I once watched a client’s analytics dashboard spike at 3 AM. Turns out, their smart fridge app pinged every device simultaneously after a firmware update. The bucket emptied. Alarms screamed. My weekend imploded. Bursty traffic doesn’t care about your sleep schedule.

When bursts meet buckets, the throttling tango

Here’s where things get spicy. API Gateway’s token bucket has a burst capacity. For stage-level throttling, it’s tied to your rate limit. Set a rate of 100 requests/second? Your bucket holds 100 tokens. Send 150 requests in one burst? The first 100 sail through. The next 50 get throttled, even if the average traffic is below 100/second.

It’s like a theater with 100 seats. If 150 people rush the door at once, 50 get turned away, even if half the theater is empty later. AWS isn’t being petty. It’s protecting downstream services (like your database) from sudden stampedes. But when your app is the one getting trampled? Less poetic. More infuriating.

Does this haunt all throttling types?

Good news: This quirk primarily targets stage-level and account-level throttling. Usage Plans? They play by different rules. Their buckets refill steadily, making them more burst-friendly. But stage-level throttling? It’s the diva of the trio. Configure it carelessly, and it will sabotage your bursts like a jealous ex.

If you’ve layered all three throttling types (account, stage, usage plan), stage-level settings often dominate the drama. Check your stage settings first. Always.

Taming the beast, practical fixes that work

After several caffeine-fueled debugging sessions, I’ve learned a few tricks to keep buckets full and bursts happy. None requires sacrificing a rubber chicken to the cloud gods.

1. Resize your bucket
Stage-level throttling lets you set a burst limit alongside your rate limit. Double it. Triple it. AWS allows bursts up to 5,000 requests for some tiers. Calculate your peak bursts (use CloudWatch metrics!), then set burst capacity 20% higher. Safety margins are boring until they save your launch day.

2. Queue the chaos
Offload bursts to SQS or Kinesis. Front your API with a lightweight service that accepts requests instantly, dumps them into a queue, and processes them at a civilized pace. Users get a “we got this” response. Your bucket stays calm. Everyone wins. Except the throttling gremlins.

3. Smarter clients are your friends
Teach client apps to retry intelligently. Exponential backoff with jitter isn’t just jargon, it’s the art of politely asking “Can I try again later?” instead of spamming “HELLO?!” every millisecond. AWS SDKs bake this in. Use it.

4. Distribute the pain
Got multiple stages or APIs? Spread bursts across them. A load balancer or Route 53 weighted routing can turn one screaming bucket into several murmuring ones. It’s like splitting a rowdy party into smaller rooms.

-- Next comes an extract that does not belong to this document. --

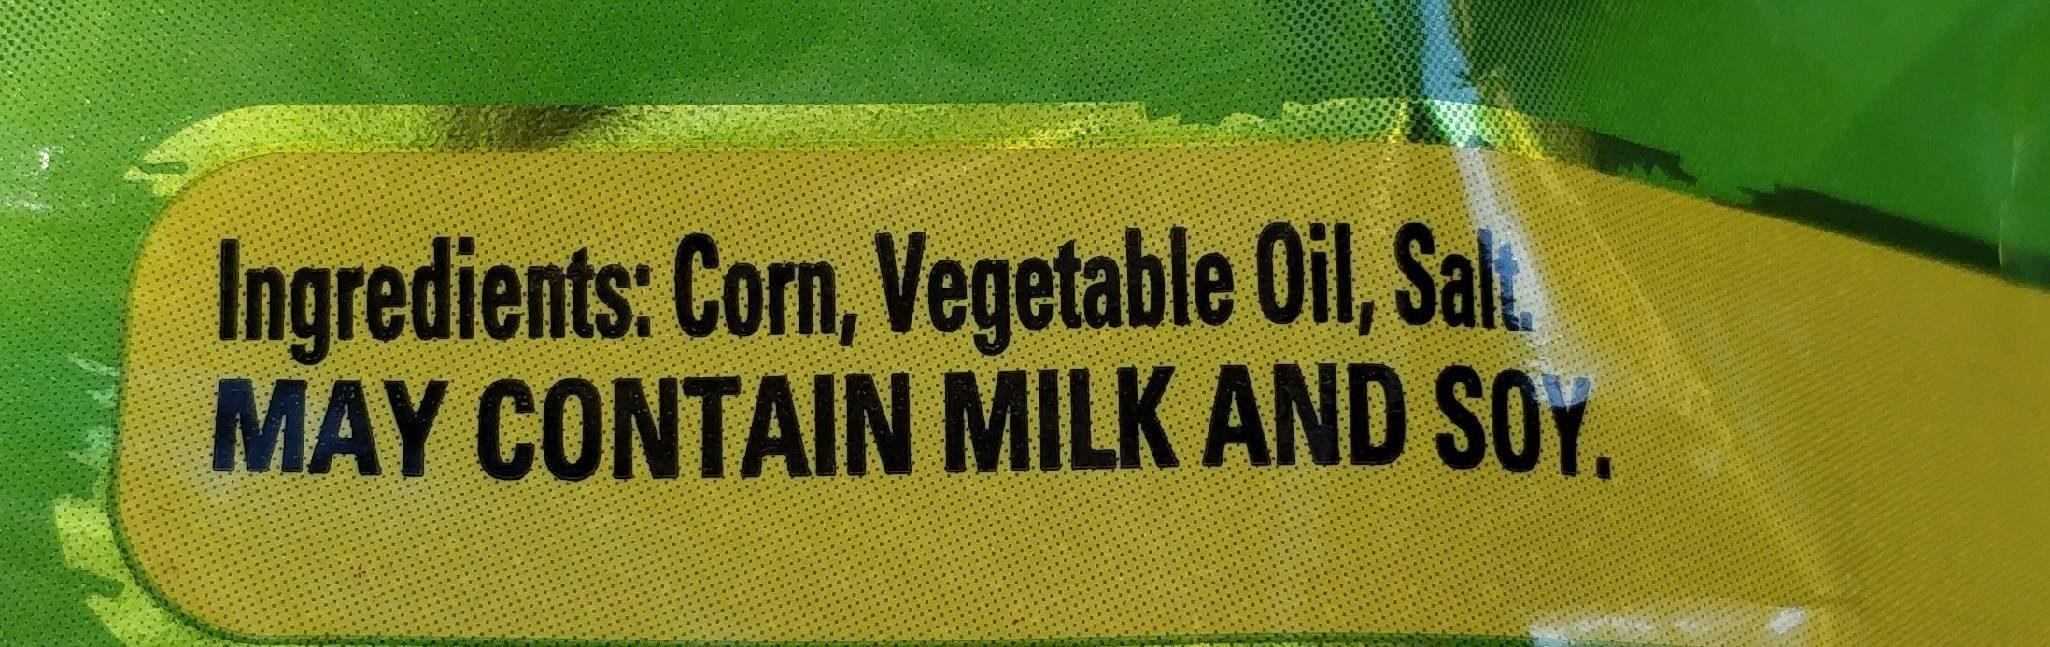 Cc's original - Ingredients
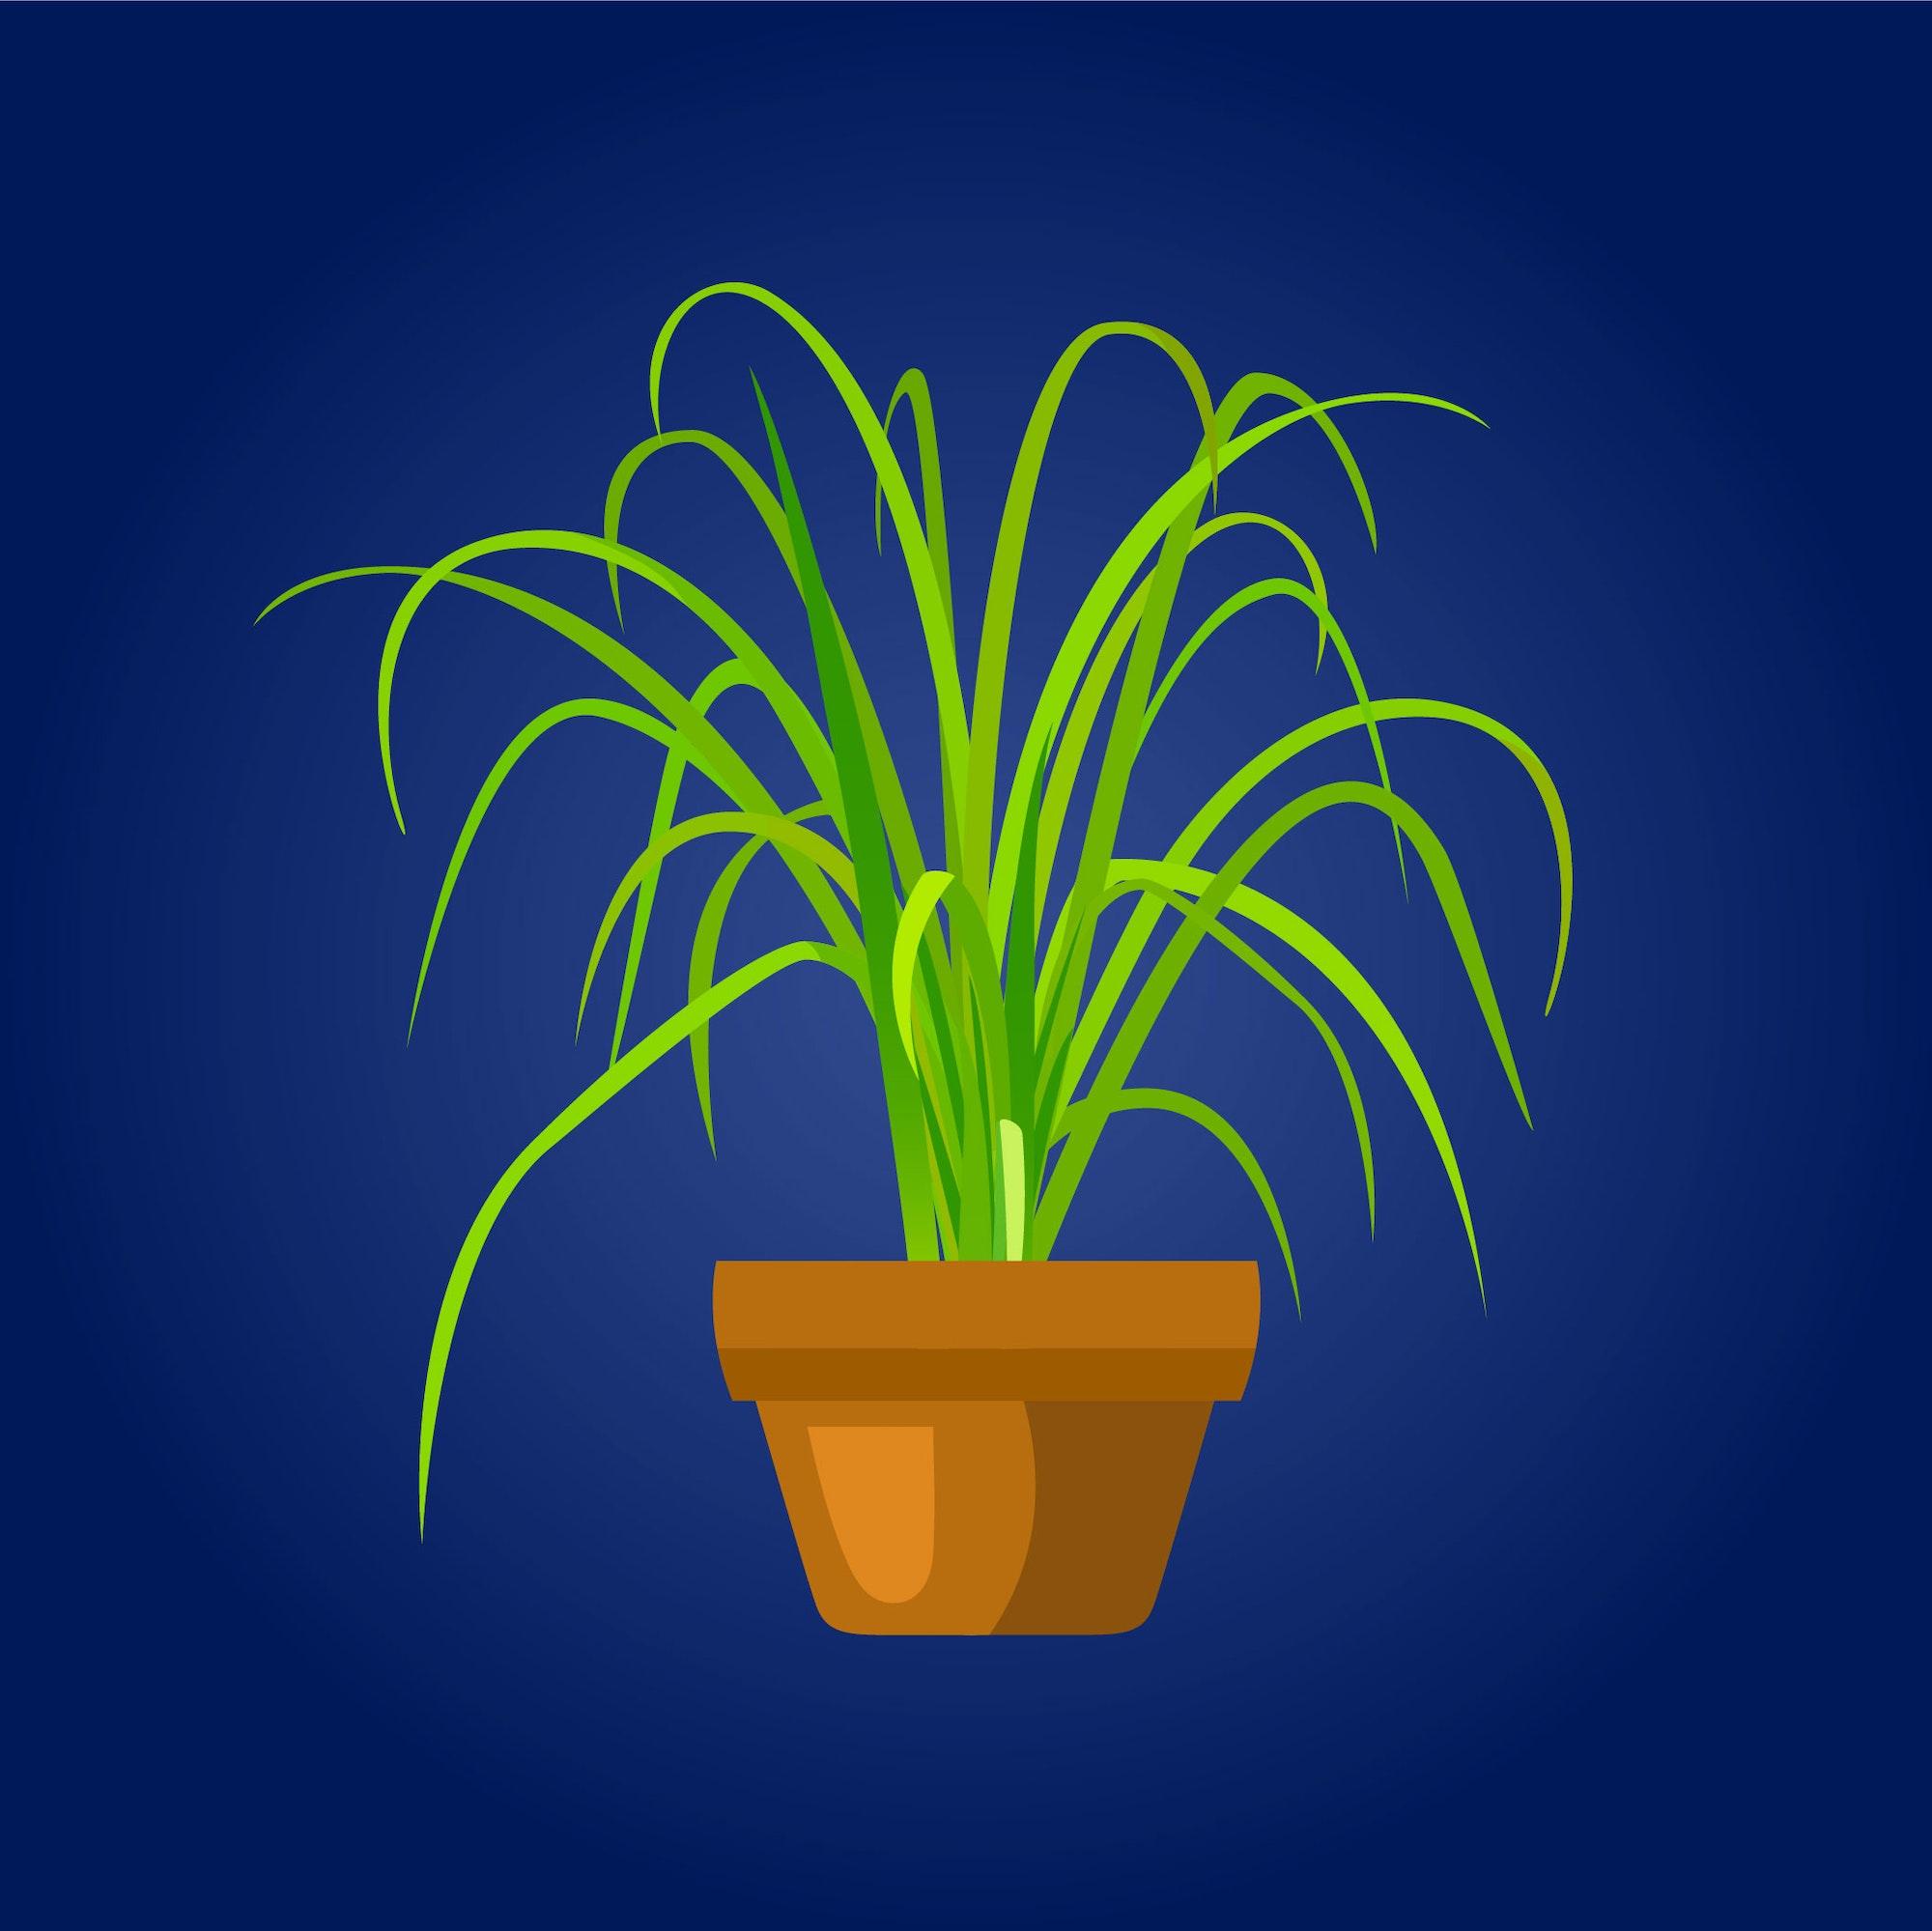 May contain: citronella plant

5. Monitor like a paranoid squirrel
CloudWatch alarms for 429 Too Many Requests are non-negotiable. Track ThrottledRequests and Count metrics per stage. Set alerts at 70% of your burst limit. Because knowing your bucket is half-empty is far better than discovering it via customer complaints.

The quiet triumph of preparedness

Cloud architecture is less about avoiding fires and more about not using gasoline as hand sanitizer. Bursty traffic will happen. Token buckets will empty. But with thoughtful configuration, you can transform throttling from a silent assassin into a predictable gatekeeper.

AWS gives you the tools. It’s up to us to wield them without setting the data center curtains ablaze. Start small. Test bursts in staging. And maybe keep that emergency coffee stash stocked. Just in case.

Your APIs deserve grace under pressure. Now go forth and throttle wisely. Or better yet, throttle less.